Institute of Physics
The Institute of Physics has named its new chief executive. Paul Hardaker, who is currently chief executive of the Royal Meteorological Society, brings "a wealth of experience in learned societies", according to Sir Peter Knight, the president of the institute. Professor Hardaker has been chief executive of the Royal Meteorological Society since 2006 and prior to that worked at the Met Office as chief adviser to the government and director for the organisation's development programmes. "I am delighted to be joining the Institute of Physics," he said of his appointment. "I feel very privileged to be working for an organisation that is so highly regarded and respected for its leadership, not just in physics but also more widely in the UK and international science community." A mathematician by background, he gained a first-class BSc and then a PhD from the University of Essex, where he remained to take up a senior research fellow position in the department of mathematics. He has also held visiting professorships at the universities of Salford and Reading.
The Royal Irish Academy has elected 22 leading scholars to join the academy - the highest academic honour in Ireland. In the humanities and social sciences, the following have been elected: Catriona Crowe, National Archives of Ireland; Steven Ellis and Adrian Frazier, National University of Ireland, Galway; Roy Foster, University of Oxford; Robert Gerwarth and Richard Sinnott, University College Dublin; Liam Kennedy, Queen's University Belfast; Ullrich Kockel, University of Ulster; Daniel McCarthy, Trinity College Dublin; Geraldine Sheridan, University of Limerick, and Alan Titley, University College Cork. From the sciences, the following have been elected: Felix Aharonian and Denjoe O'Connor, Dublin Institute for Advanced Studies; Martin Curley, Intel Labs Europe; Patrick Lonergan and Peter Lynch, University College Dublin; Aaron Maule, John McGarvey and Stephen Smartt, Queen's University Belfast; John Pethica and Richard Reilly, Trinity College Dublin; and John McCloskey, University of Ulster.
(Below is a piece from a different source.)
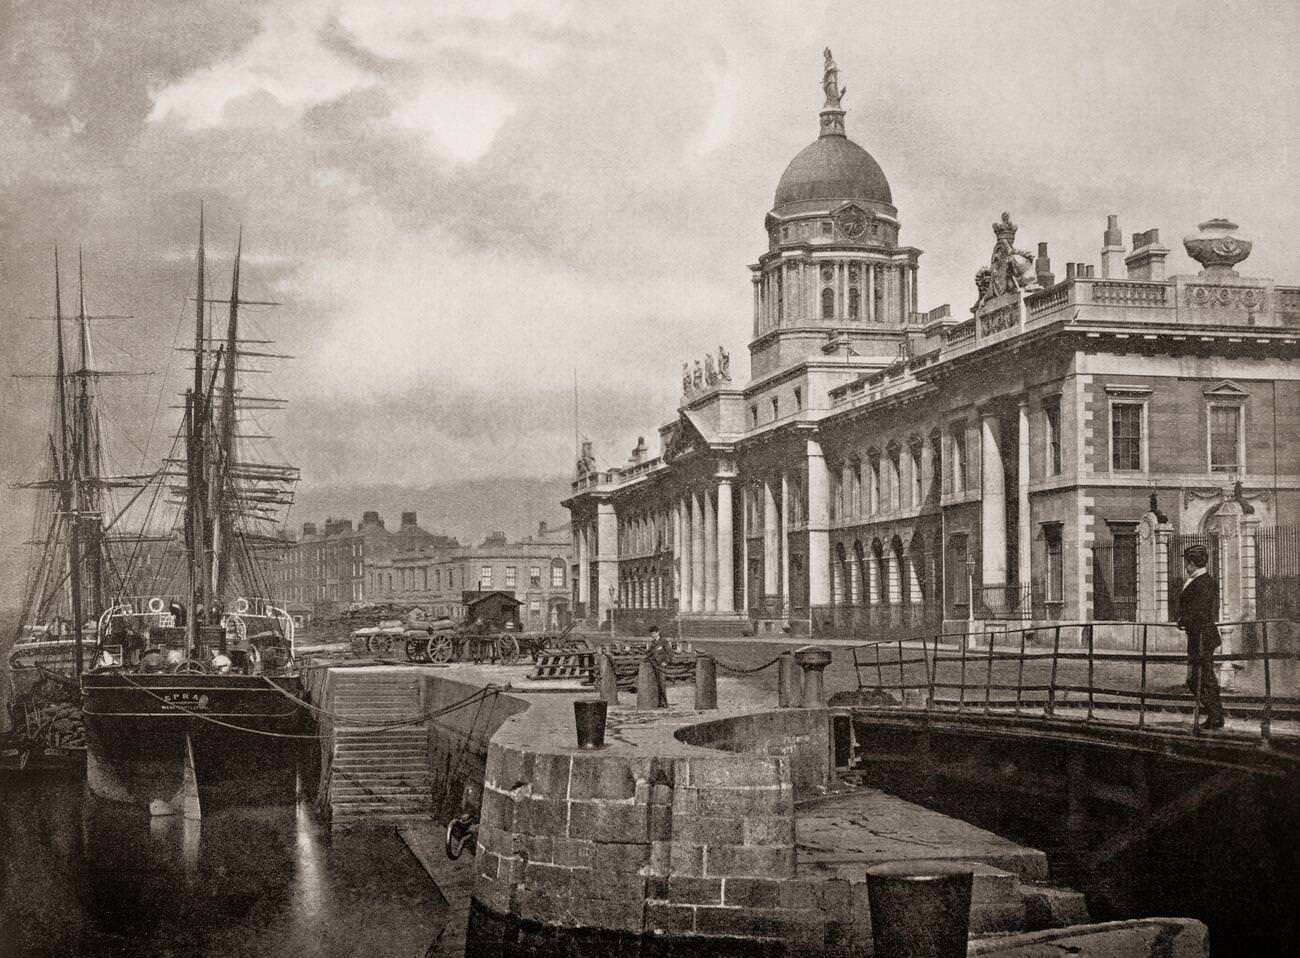 The neoclassical 18th century Custom House alongside the River Liffey in Dublin, Ireland.
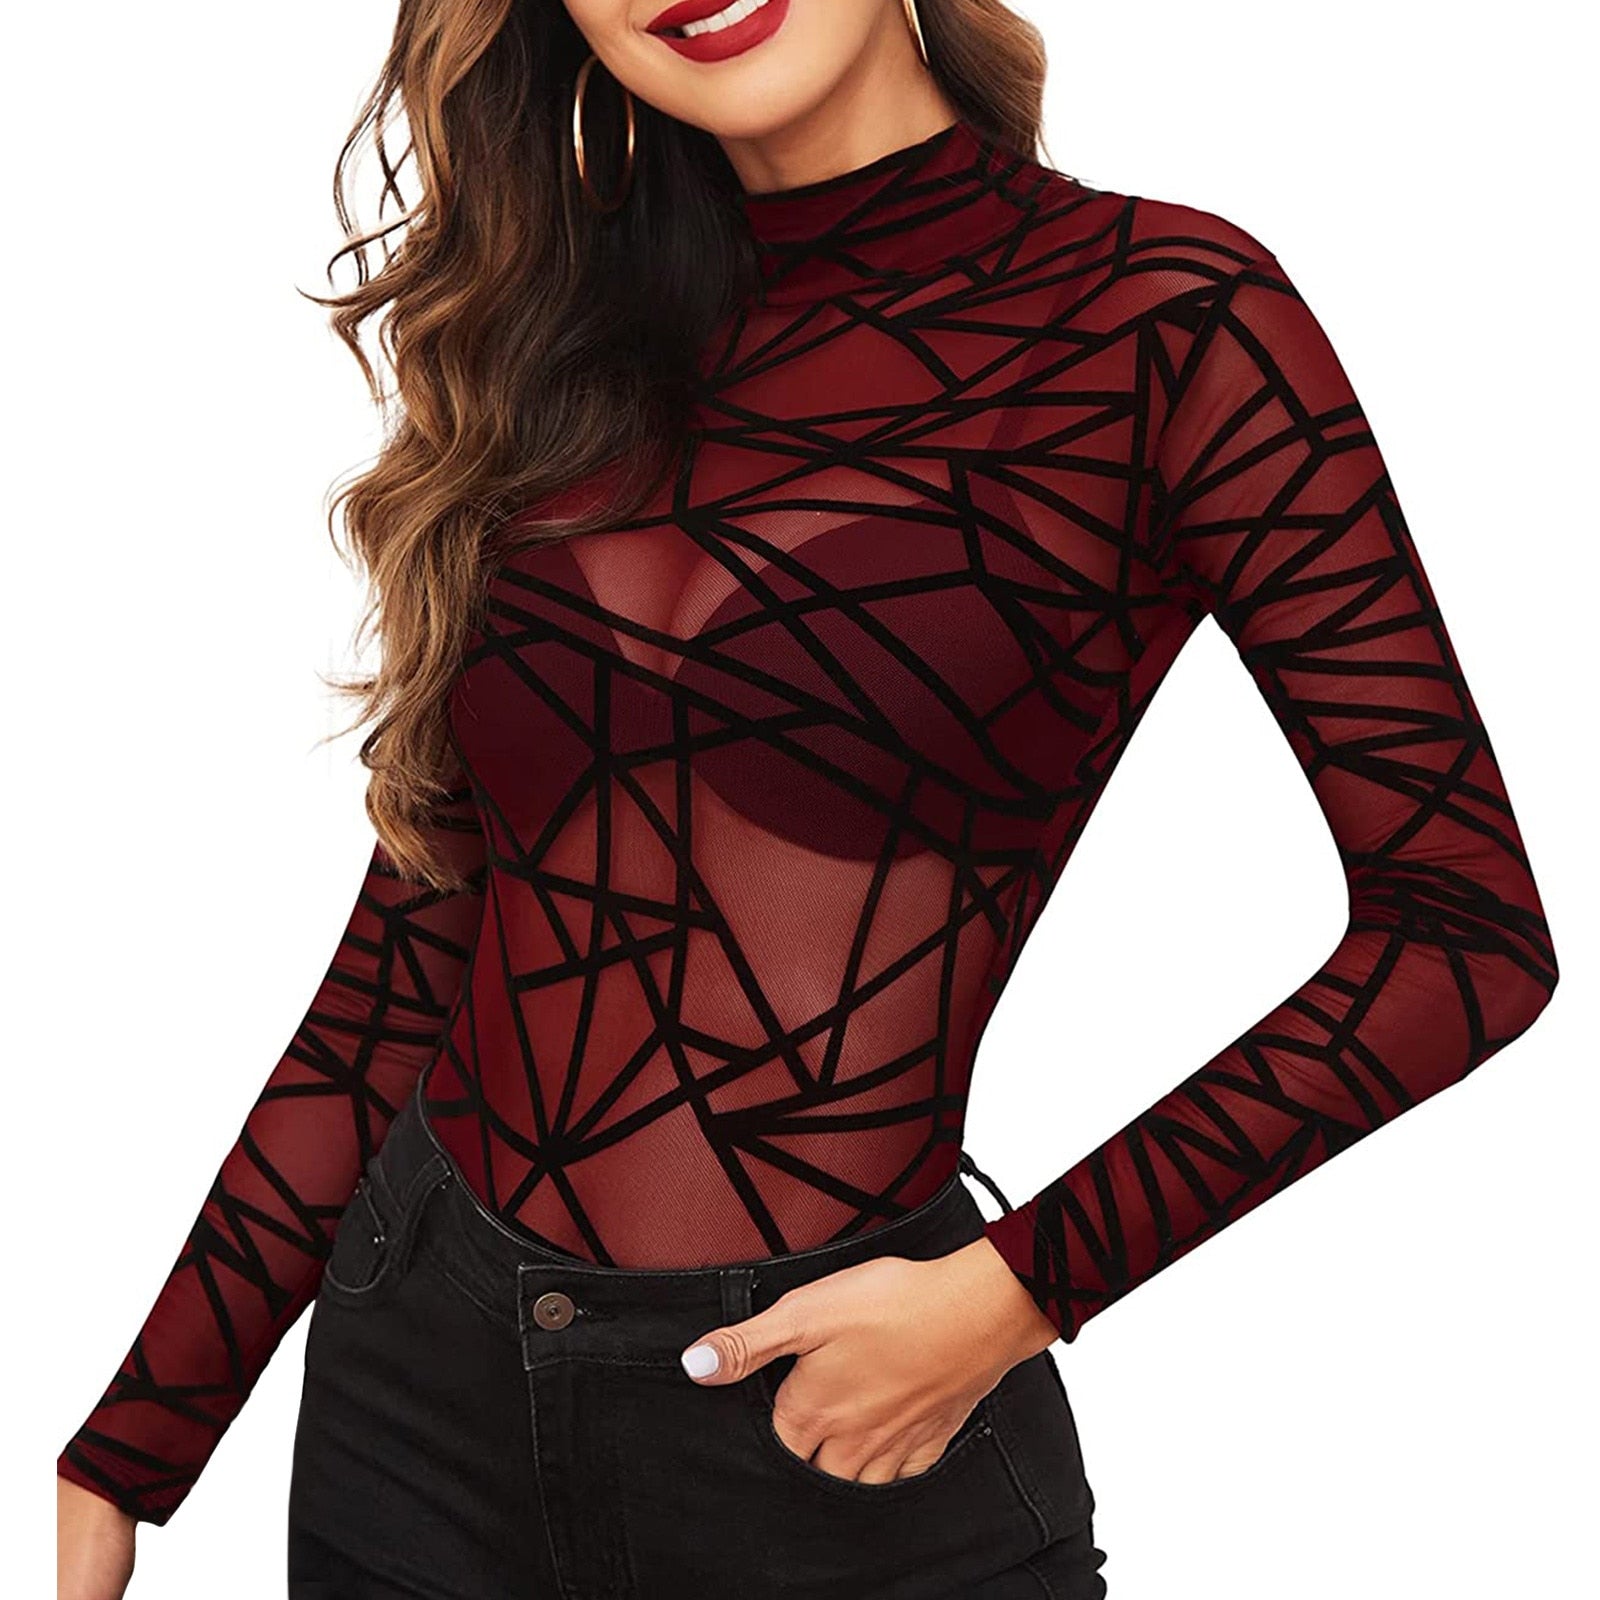 Geometric Print Bodysuit - Red & Black Sheer Geometric Print bodysuit - Red & Black Vamp Bodysuit - Dark Red & Black bodysuit

Harry Scarbrough has been named the new director of Keele University's management school. Professor Scarbrough, who currently works at Warwick Business School, was previously a programme director at the Economic and Social Research Council.
Louise Jones, head of the University of Worcester's Institute of Health and Society, has been appointed to two influential external roles. Ms Jones has been made vice-president of the Chartered Society of Physiotherapy and also the England representative on the Council of Deans of Health executive.
The Association of University Administrators has named two new lay trustees: Trevor Faulkner, a training consultant and lecturer at a number of higher education institutions, and Tim Light, audit director and former president of the Association of Accounting Technicians.